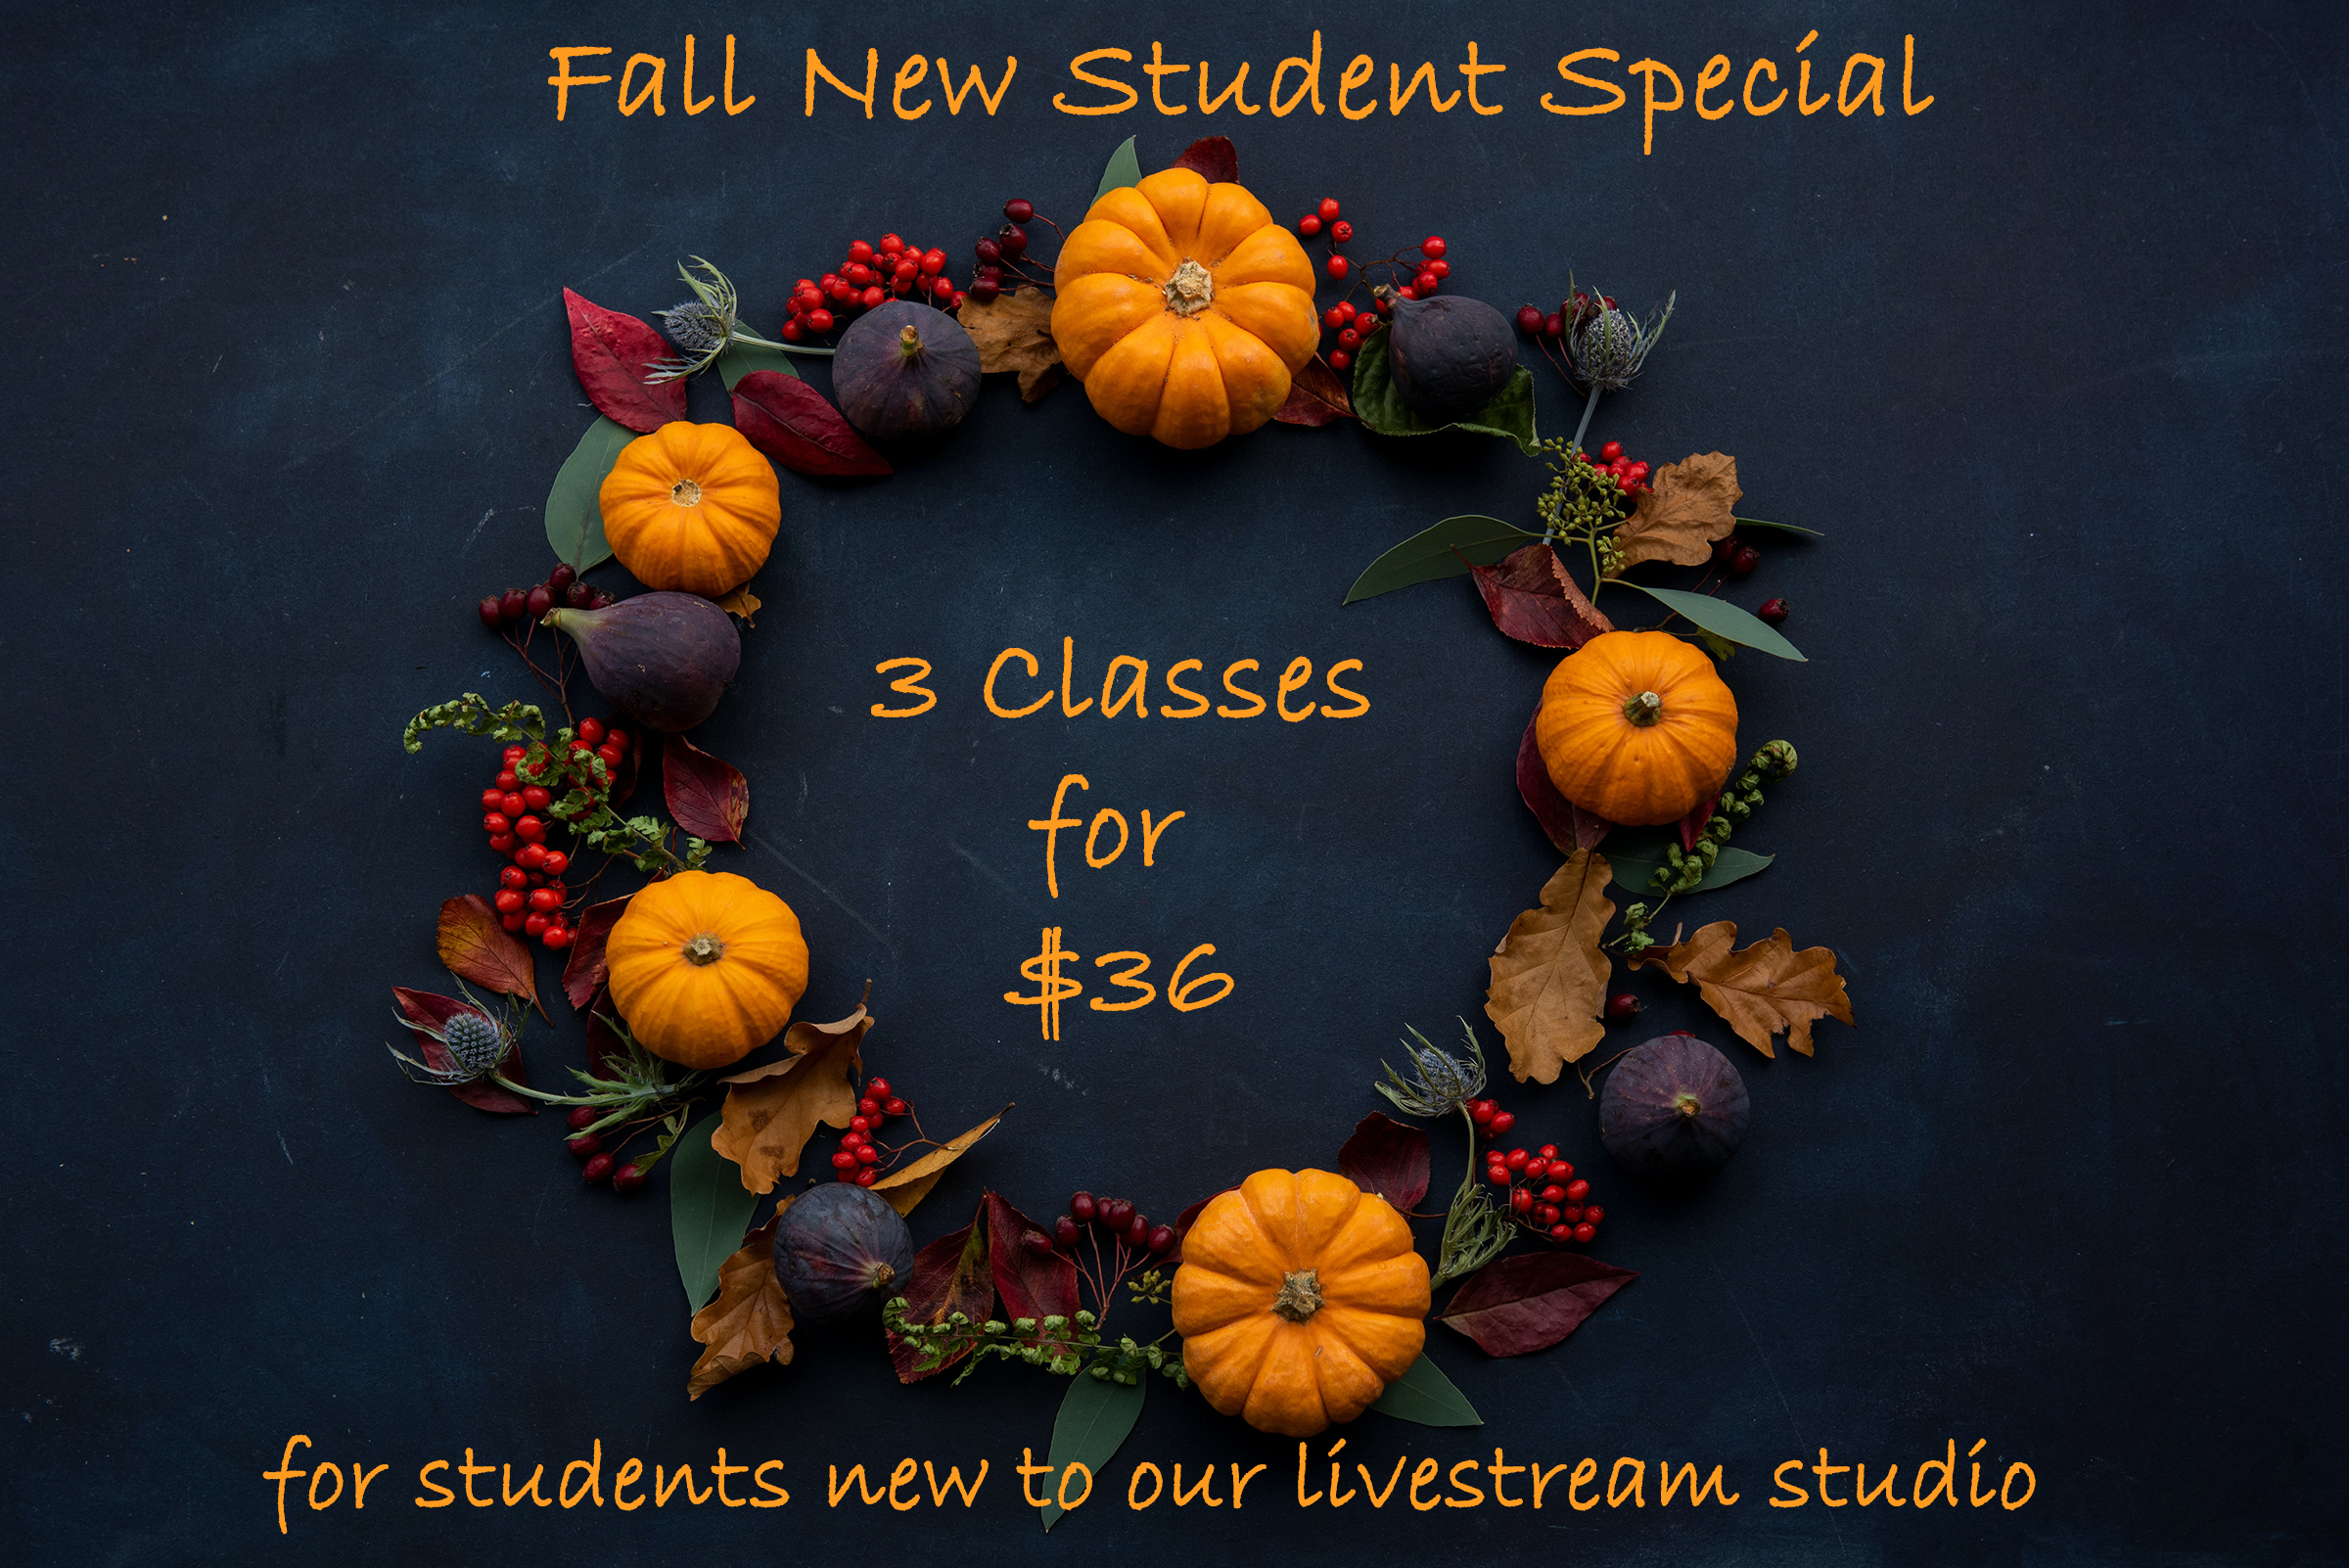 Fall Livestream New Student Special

..............................

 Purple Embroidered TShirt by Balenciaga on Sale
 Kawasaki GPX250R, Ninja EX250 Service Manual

..............................

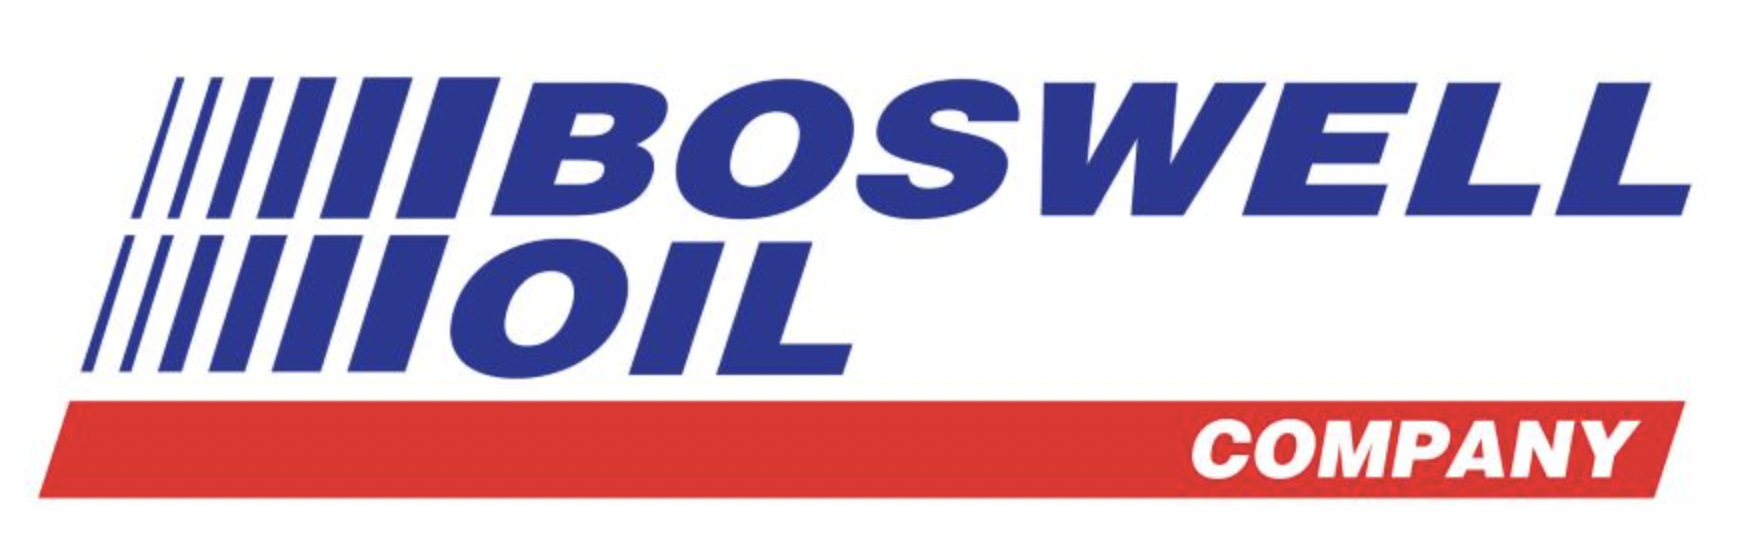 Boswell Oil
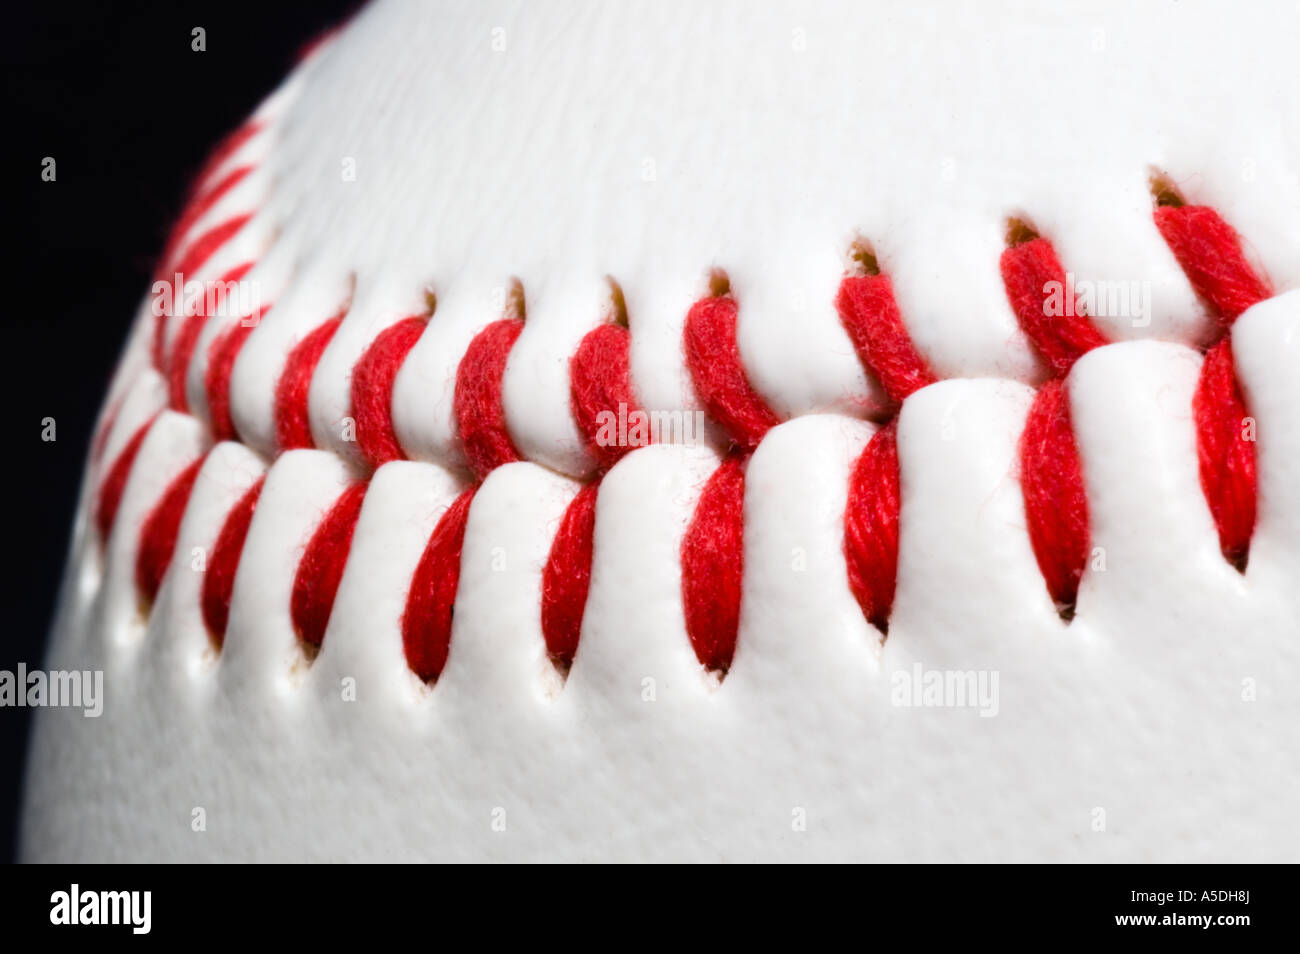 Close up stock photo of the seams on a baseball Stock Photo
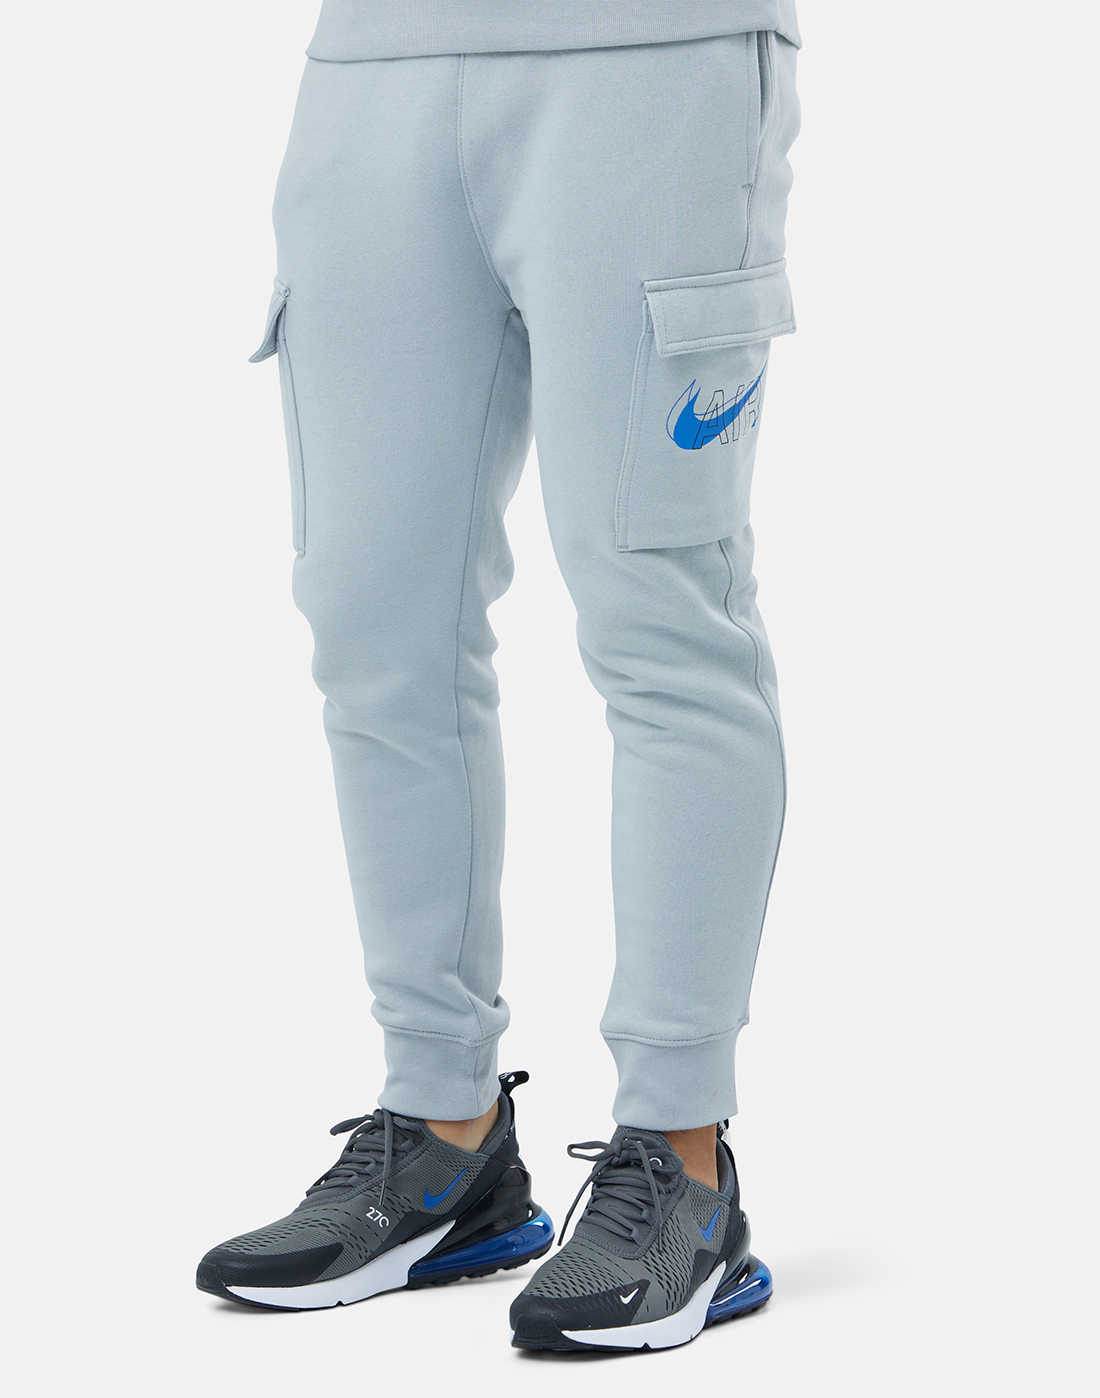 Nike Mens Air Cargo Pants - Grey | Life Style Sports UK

..............................

**Goal of the exercise**
In the listing above, find the line with "Close up stock" and the line with "Nike Mens Air". Copy both of them and every line between, exactly, but not the pictures.

**Expected output**
 Close up stock photo of the seams on a baseball Stock Photo
 Nike Mens Air Cargo Pants - Grey | Life Style Sports UK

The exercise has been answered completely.